Я даю ему нужный номер, и он долго молчит, и я тоже, но никто из нас не уходит.

– Я пока не буду ему звонить, – вздыхает он почему-то. – Но чувствую, в какой-то момент, мне припрет. Не могу жить скучно, знаешь? Не угорать.

– Понимаю.

– А ты?

– А я отдыхаю. Фильтруюсь, адаптируюсь. Но созвонимся как-нибудь.

– Конечно. Ну, я погнал. Пора прочищать зойкины скважины.

– Зайкины?

– Нет, зойкины. Она – Зоя, прикинь?

– Страшно себе представить.

– Сиськи – лакшери, – улыбается во все зубы Миша, машет рукой, отворачивается и уходит.

Я долго смотрю ему вслед, наблюдая за тем, как отдаляется мое убежище от Ольги. Или от того, что я сам себе надумал в ее лице.

У меня нет его номера. И у него – моего.

Я думаю только об этом, возвращаясь на пляж, где уже лежит уставшая от коктейлей Ольга.


Серега позвонил мне в тот вечер нежданно-негаданно. Твердил, что надо поговорить. Его голос уже намекал на то, что случилось нечто страшное, и у него, быть может, есть последний шанс что-то исправить. Правда, по тому, как он произнес в конце разговора «давай», можно было сделать вывод, что шанс уже исчерпан, и ему просто надо высказаться. Так, в общем-то, и вышло.
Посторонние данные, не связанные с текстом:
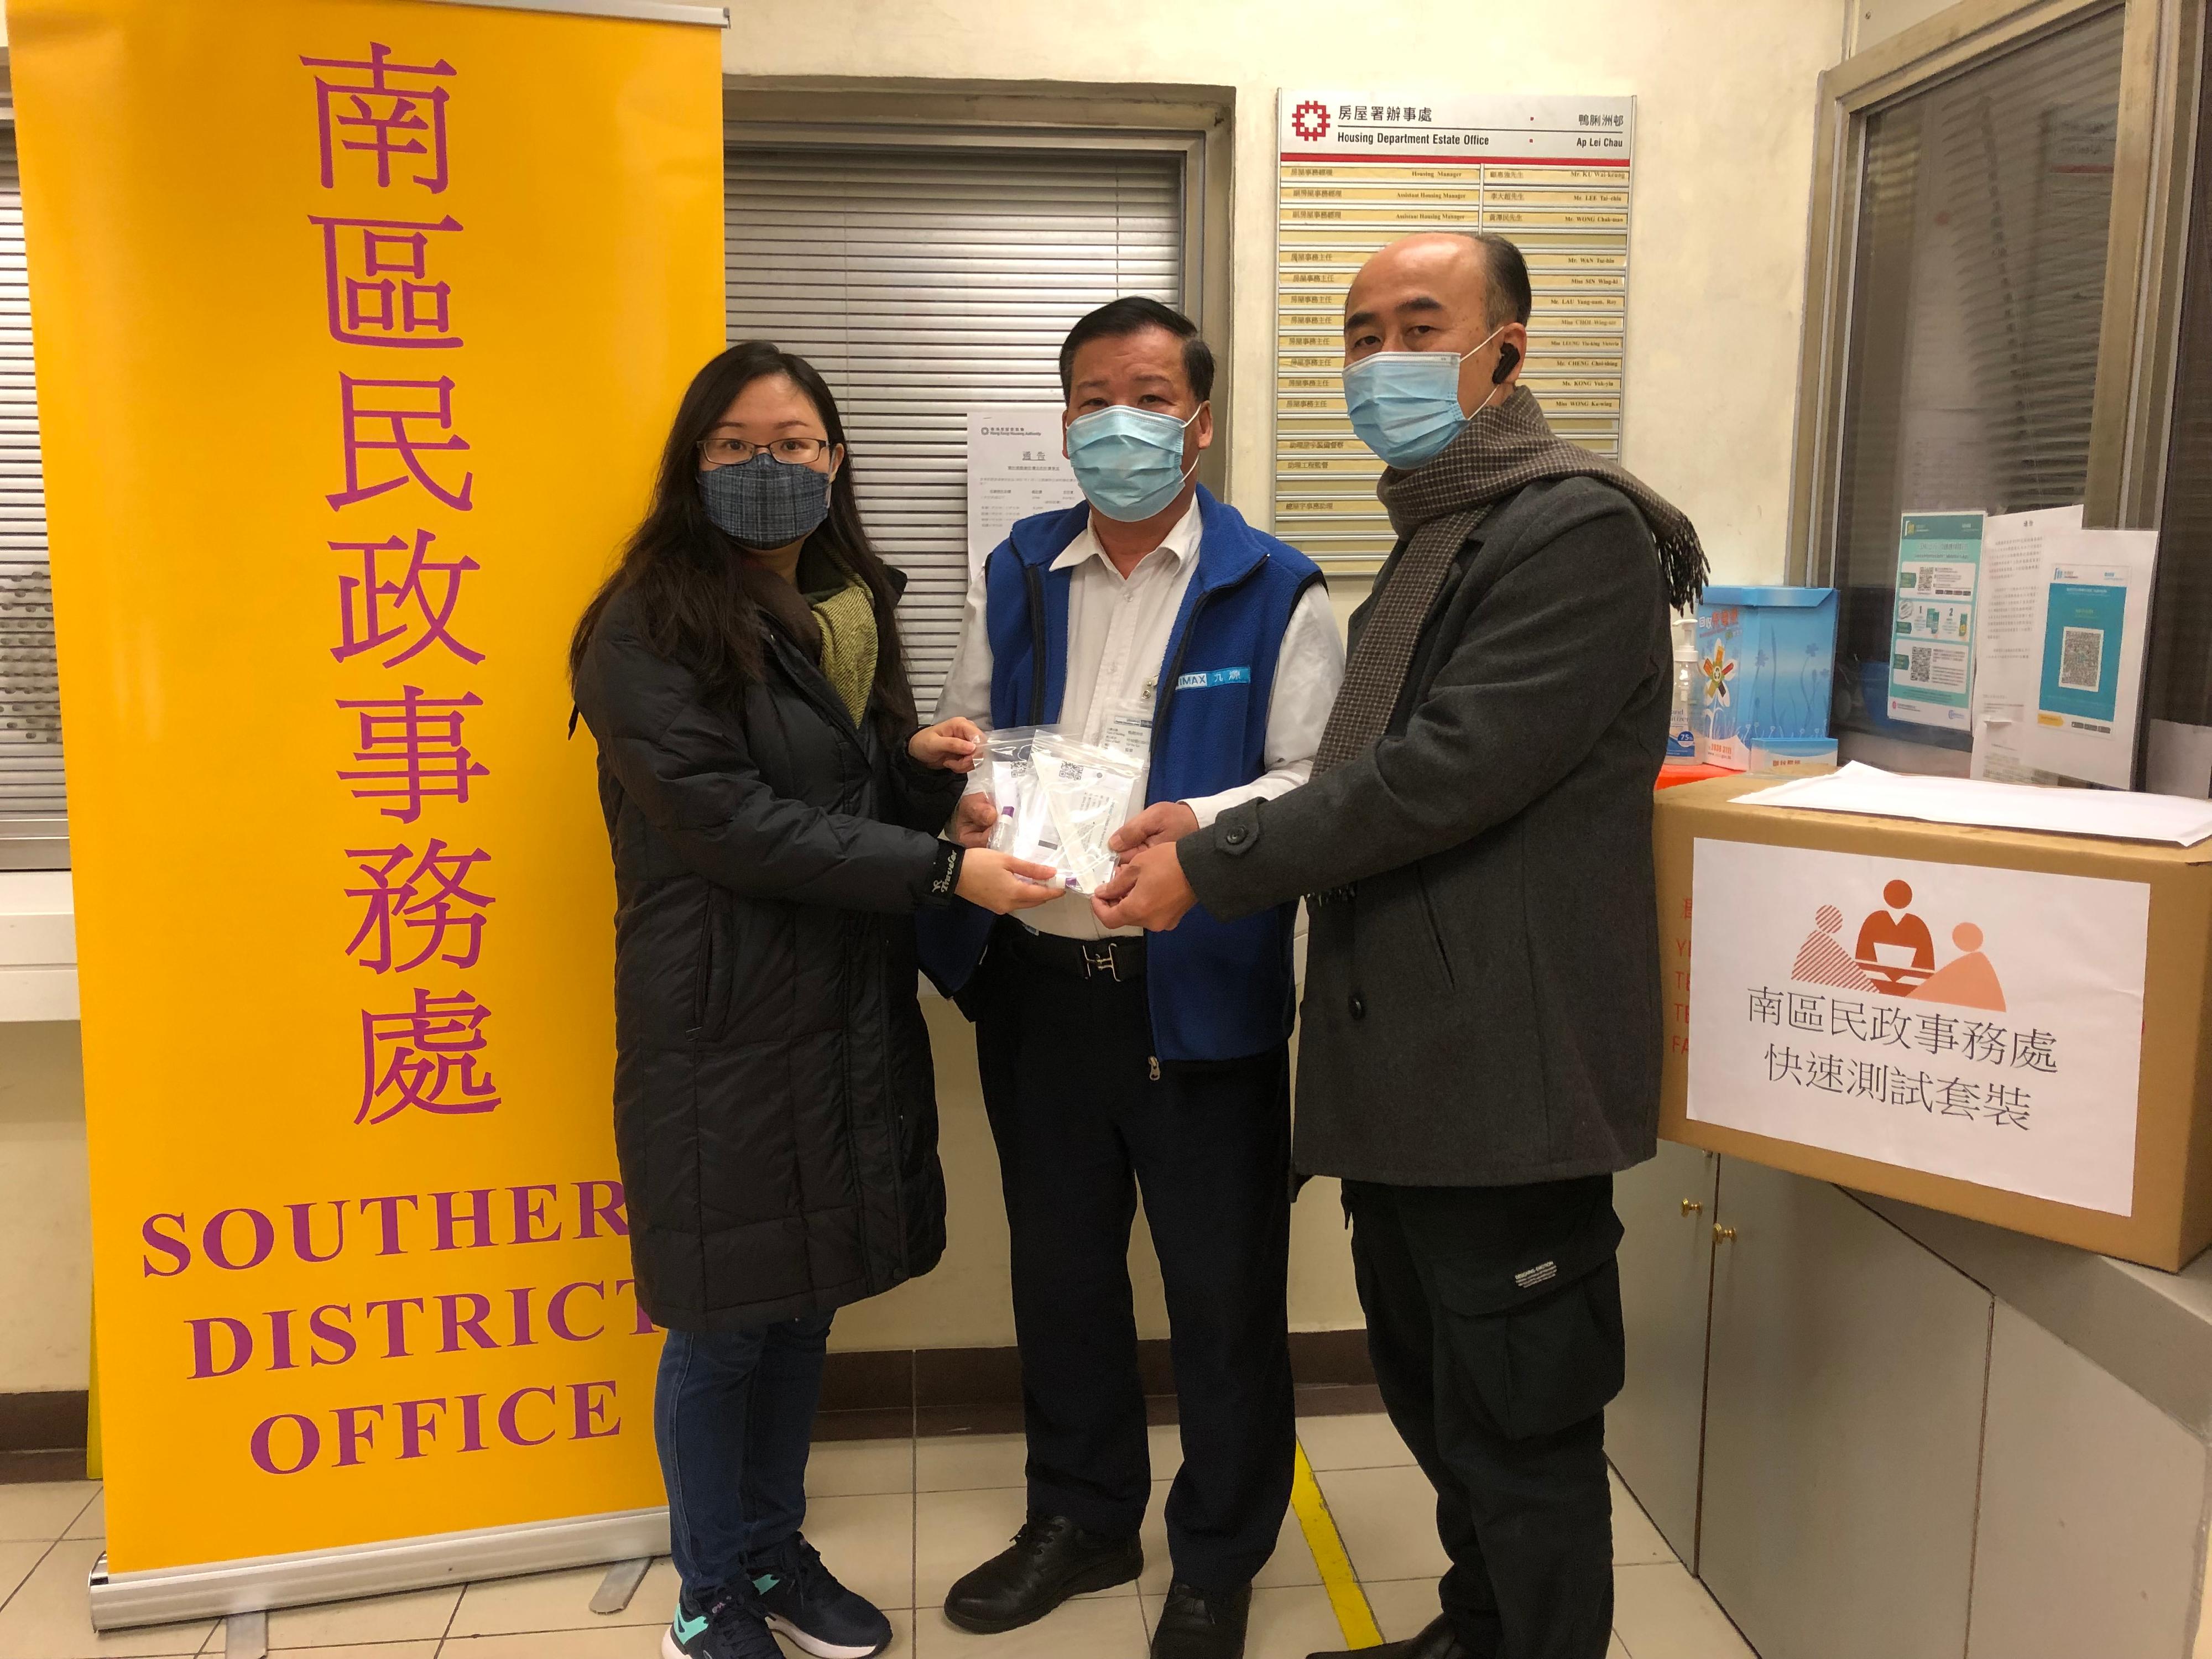 The Southern District Office today (February 20) distributed COVID-19 rapid test kits to cleansing workers and property management staff working in Ap Lei Chau Estate for voluntary testing through the Housing Department and the Estate’s property management company.

Мы встретились в кафешке недалеко от моего дома. Серега был на взводе. Его потряхивало, и речь его была обильно сдобрена чем-то крепким, хотя он и был за рулем. Сомневаясь, что он принимал корвалол, я поинтересовался, какого хрена он поехал пьяным.

– Какая разница? Дай мне в морду.

От такого предложения я, несмотря на его соблазнительность, признаться, опешил.

– Поехал вконец?

– Если ты мне дашь по роже, это будет справедливо. Но я просто не могу… – Серега протер и без того сухой рот рукой. – Понимаешь, я просто не выдержал. Мы с тобой со школы знакомы. Ты мне здорово помог тогда, с Чкаловым, и…
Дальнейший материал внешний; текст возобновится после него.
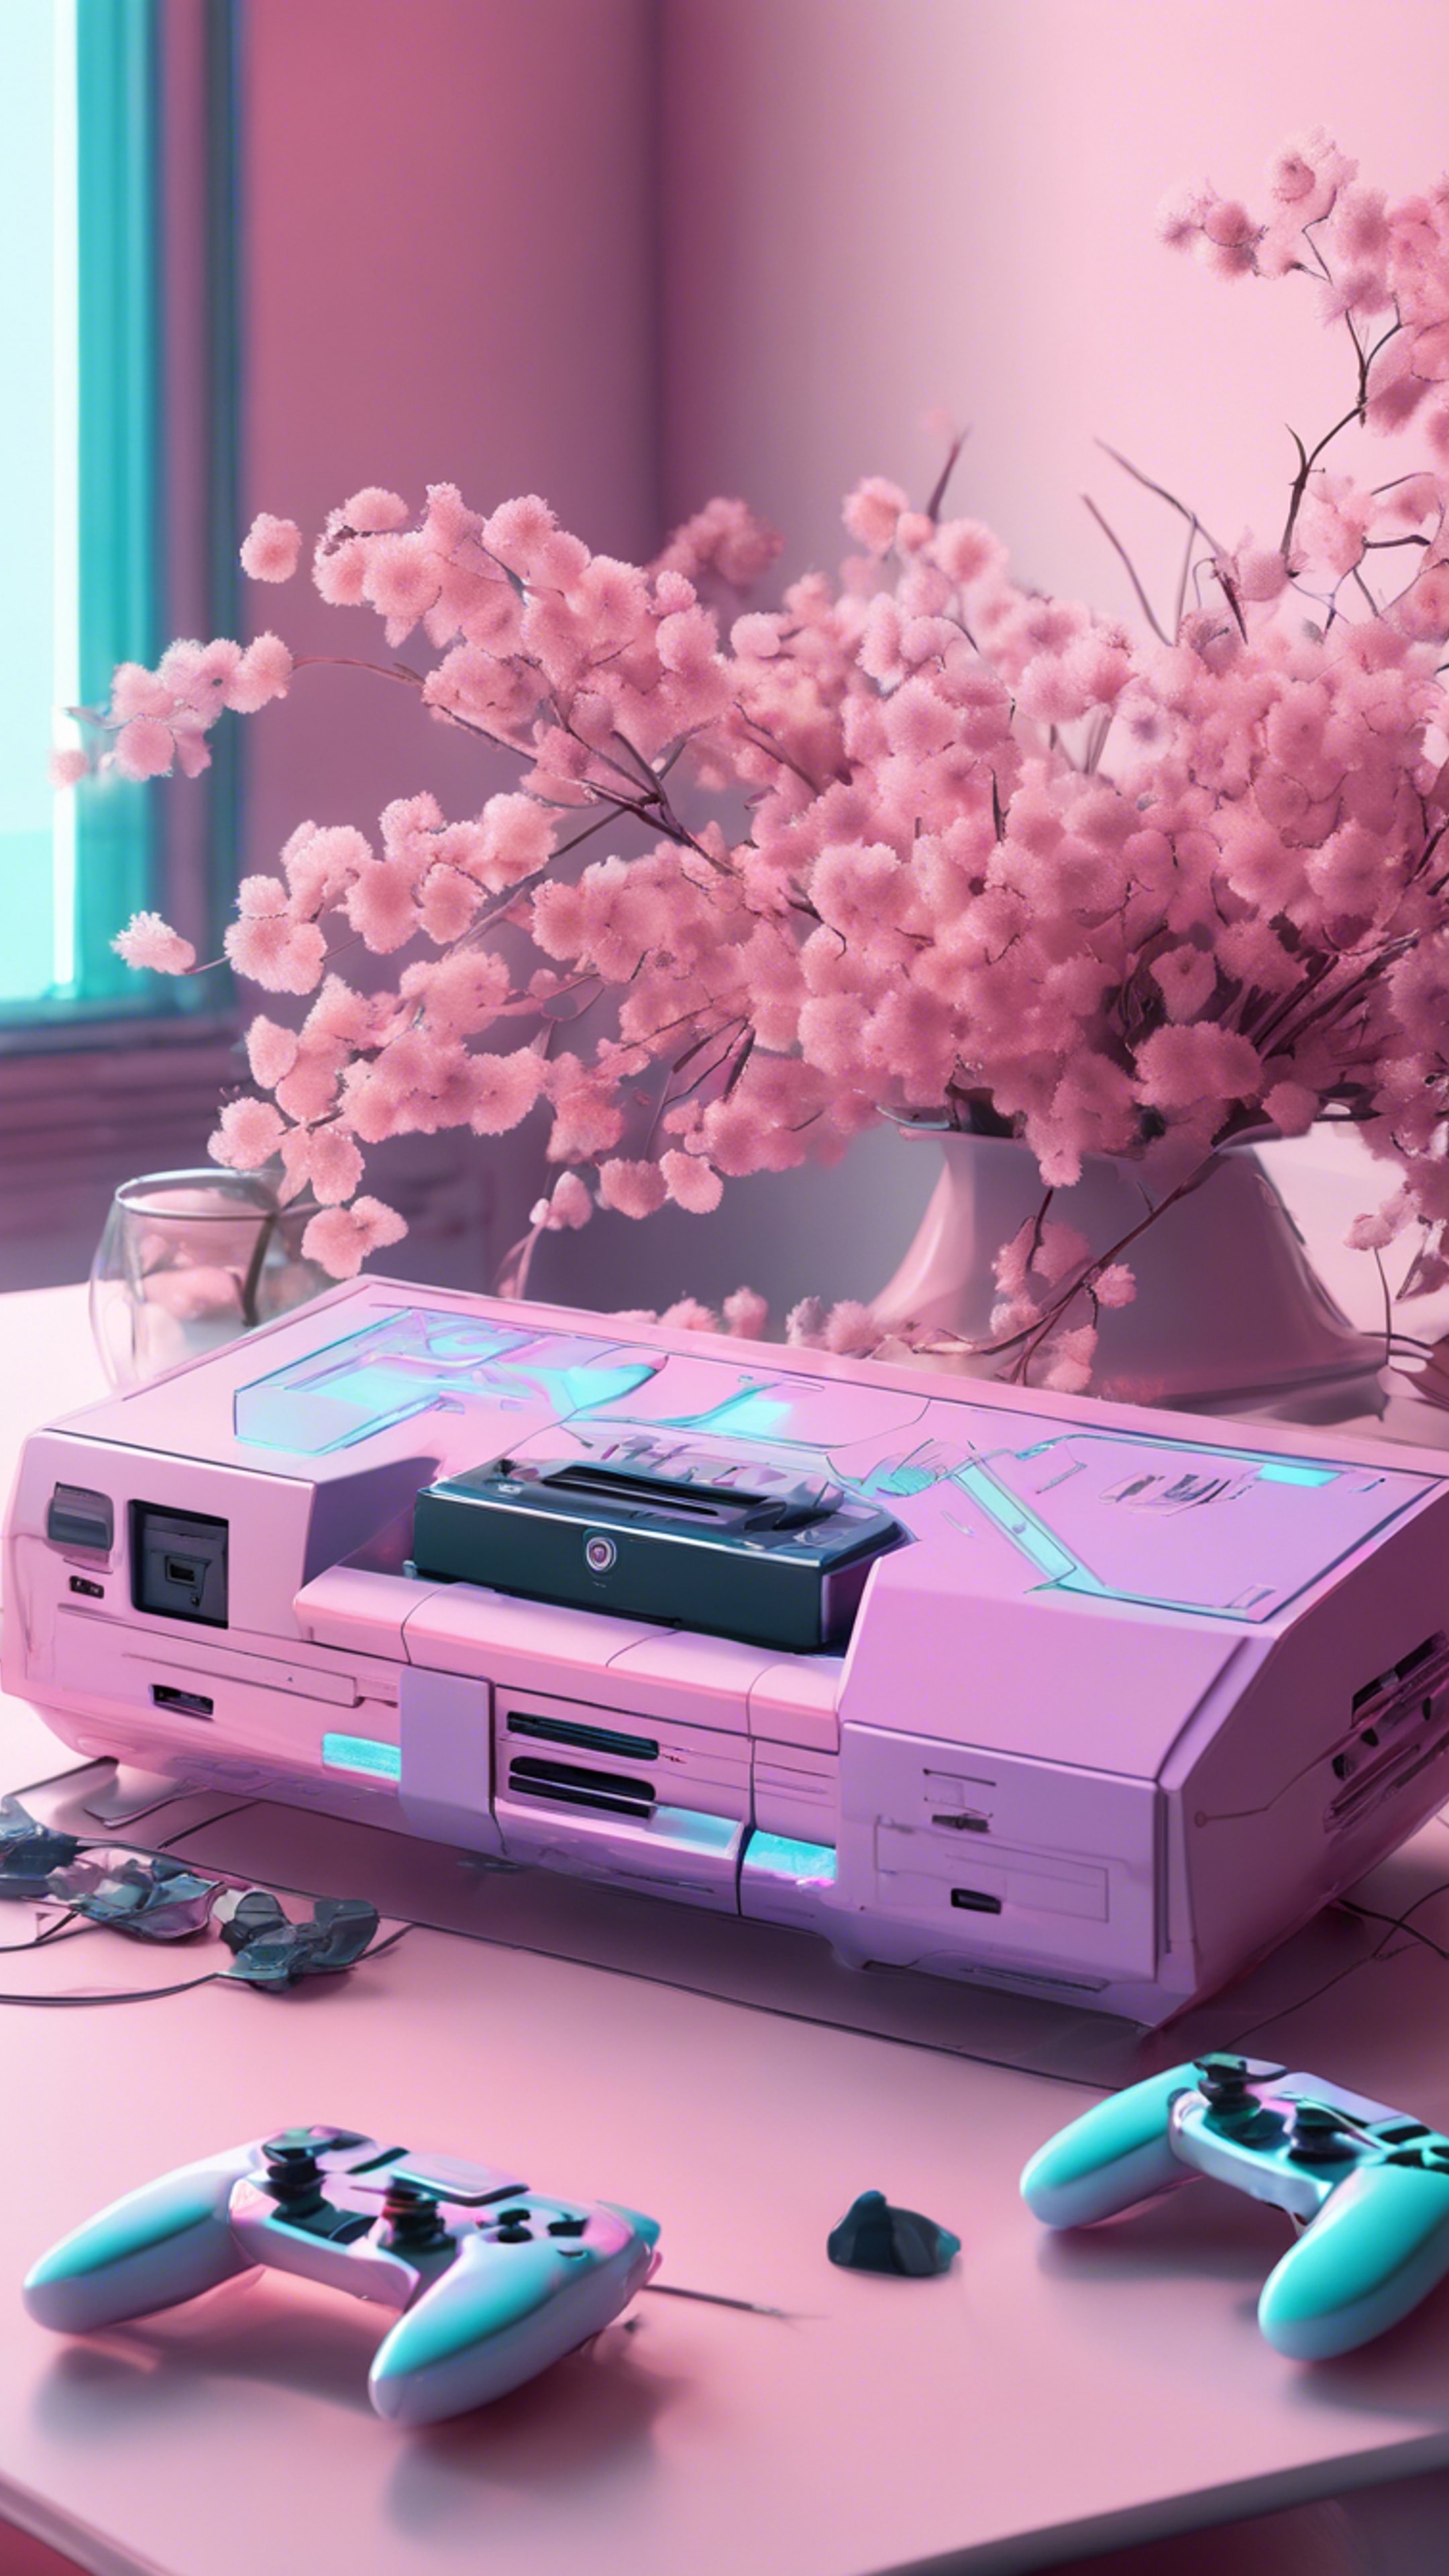 A pastel colored gaming console on a white table next to soft colored flowers in a daylight room. Tapéta[43bf14bcce304acdbb24]

– Забудь уже, – махнул я рукой. – Че ты вообще несешь? Приступ лирики? Че за херня, да еще и вечером в среду? Опять паленого «джонни уокера» вырубил?

– Да оторвись ты от того, что я пил, – Серега начинал психовать еще больше, но с видимым усилием понизил тон. – Ты лучше скажи, ты свою бабу любишь?

– Допустим, – я облизнул губы. – Че за говно, Сережа?

– Полное говно. Я, – с каменной убедительностью выдал Серега. – Полнейшее. Короче, помнишь вечер девятнадцатого апреля?

– Допустим.

Я помнил. Совместив сказанное Серегой, я вспомнил, что тогда дал добро Ольге задержаться на работе. Она отказалась от того, чтобы я ее забирал и попросила приготовить что-нибудь вкусненькое к ее приходу. Да, раньше я еще и умел готовить не только макароны и полуфабрикаты. Раньше.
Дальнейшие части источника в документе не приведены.